Looks great!! I love cooking for large groups, always fun!


----------



## bigbaldbbq (Apr 13, 2009)

Man that is some fest you cooked up there! Good job!


----------



## burrito (Apr 16, 2009)

Sure looks good.

I'm cooking for 40 this Saturday.  The group will be a mix of men/women/few kids.  Would you, or someone, mind giving me an estimate of how much food to buy/prepare?  I have 3 untrimmed briskets, totalling 38 lbs.  I have 6 lbs of sausage.  I'm thinking this will be plenty of meat.  What do you think?  I need some help with the sides though.  How many lbs of dried pinto beans should I buy?  And how many lbs of potatoes should I buy for potato salad?  And last, how many cabbage heads do I need for coleslaw?

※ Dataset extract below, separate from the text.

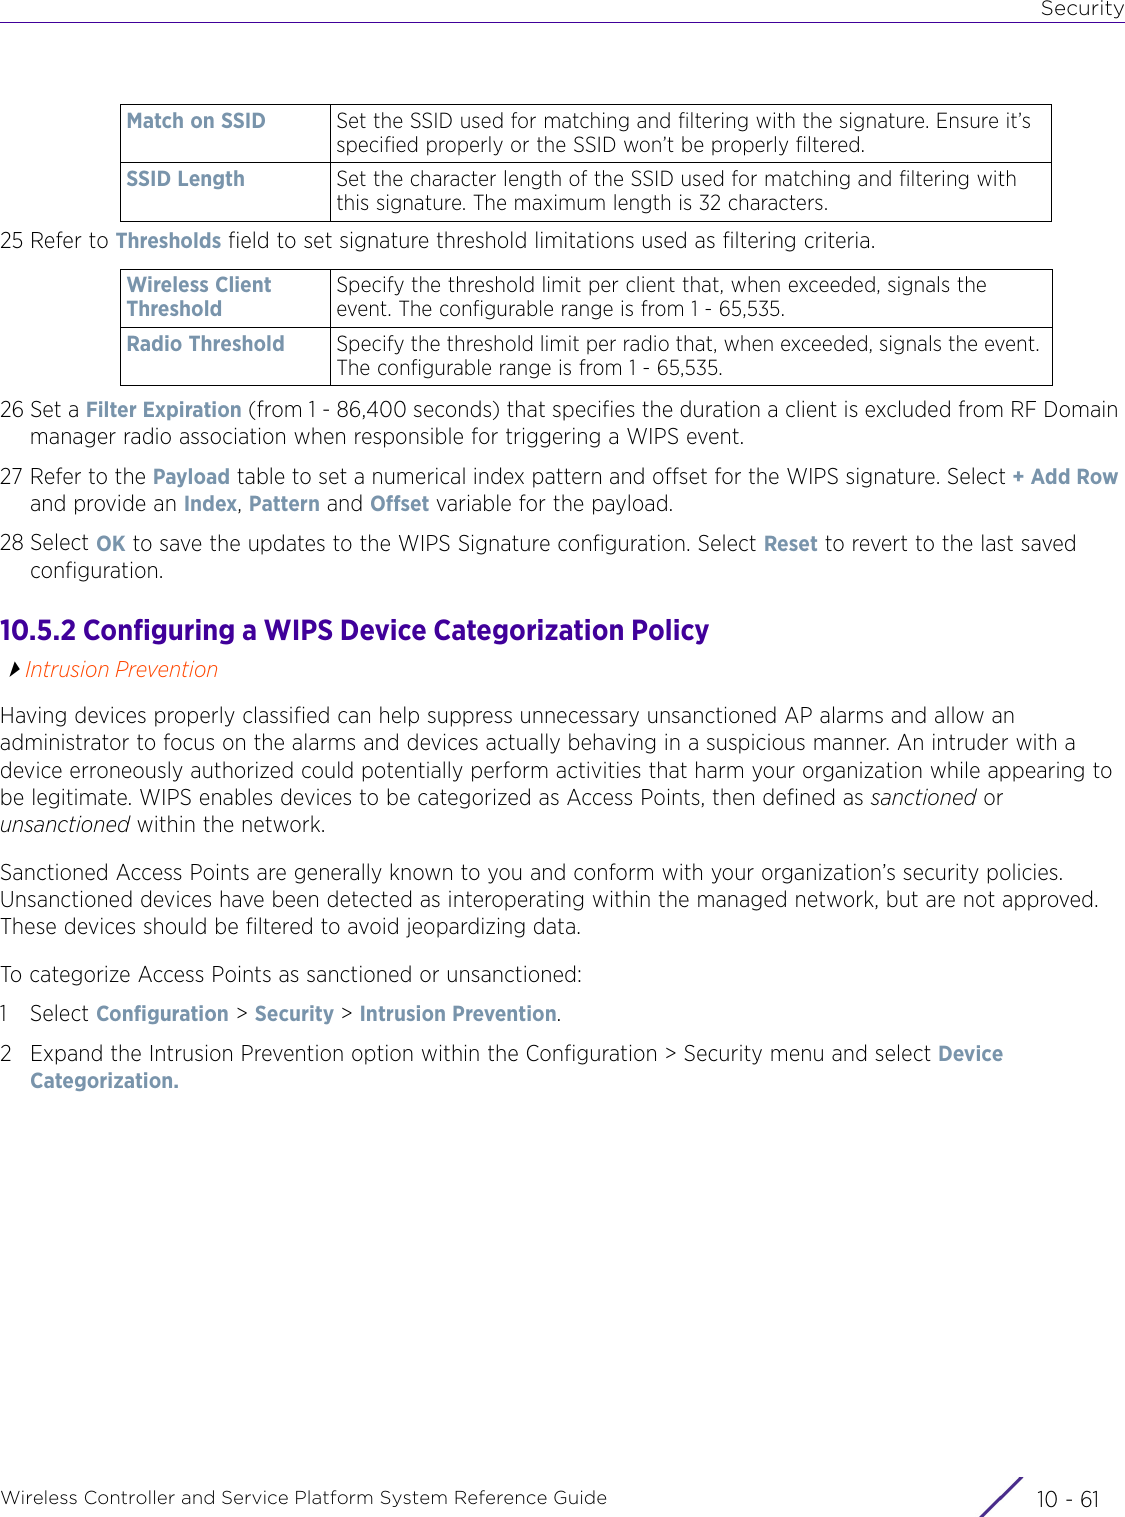 SecurityWireless Controller and Service Platform System Reference Guide 10 - 6125 Refer to Thresholds field to set signature threshold limitations used as filtering criteria.26 Set a Filter Expiration (from 1 - 86,400 seconds) that specifies the duration a client is excluded from RF Domain manager radio association when responsible for triggering a WIPS event.27 Refer to the Payload table to set a numerical index pattern and offset for the WIPS signature. Select + Add Row and provide an Index, Pattern and Offset variable for the payload.28 Select OK to save the updates to the WIPS Signature configuration. Select Reset to revert to the last saved configuration.10.5.2 Configuring a WIPS Device Categorization PolicyIntrusion PreventionHaving devices properly classified can help suppress unnecessary unsanctioned AP alarms and allow an administrator to focus on the alarms and devices actually behaving in a suspicious manner. An intruder with a device erroneously authorized could potentially perform activities that harm your organization while appearing to be legitimate. WIPS enables devices to be categorized as Access Points, then defined as sanctioned or unsanctioned within the network.Sanctioned Access Points are generally known to you and conform with your organization’s security policies. Unsanctioned devices have been detected as interoperating within the managed network, but are not approved. These devices should be filtered to avoid jeopardizing data.To categorize Access Points as sanctioned or unsanctioned:1Select Configuration &gt; Security &gt; Intrusion Prevention.2 Expand the Intrusion Prevention option within the Configuration &gt; Security menu and select Device Categorization.Match on SSID Set the SSID used for matching and filtering with the signature. Ensure it’s specified properly or the SSID won’t be properly filtered.SSID Length Set the character length of the SSID used for matching and filtering with this signature. The maximum length is 32 characters.Wireless Client ThresholdSpecify the threshold limit per client that, when exceeded, signals the event. The configurable range is from 1 - 65,535.Radio Threshold Specify the threshold limit per radio that, when exceeded, signals the event. The configurable range is from 1 - 65,535.

I'm not new to cooking, and smoking meat.  But I've never cooked for this many.


----------



## grothe (Apr 16, 2009)

Real nice lookin grub....great job!!


----------



## bigbaldbbq (Apr 16, 2009)

Well for 40 people You got more meat then they will eat. Unless you are going to let them take it home that is. IMO about a 1/4 lb per person unless you have some big eaters then go up to 1/2 lb. As for the beans, potatoes, about the same. Cabbage can be tricky, but I would guess 3 to 4 easy.

I hope that helps a little.


----------



## shooterrick (Apr 21, 2009)

Fine lookin grub.  Your church is blessed!


----------



## rivet (Apr 23, 2009)

Outstanding meal. Call you "the provider"! 
	

	
	
		
		



		
		
	


	




That soft taco looked pretty darn good too.


----------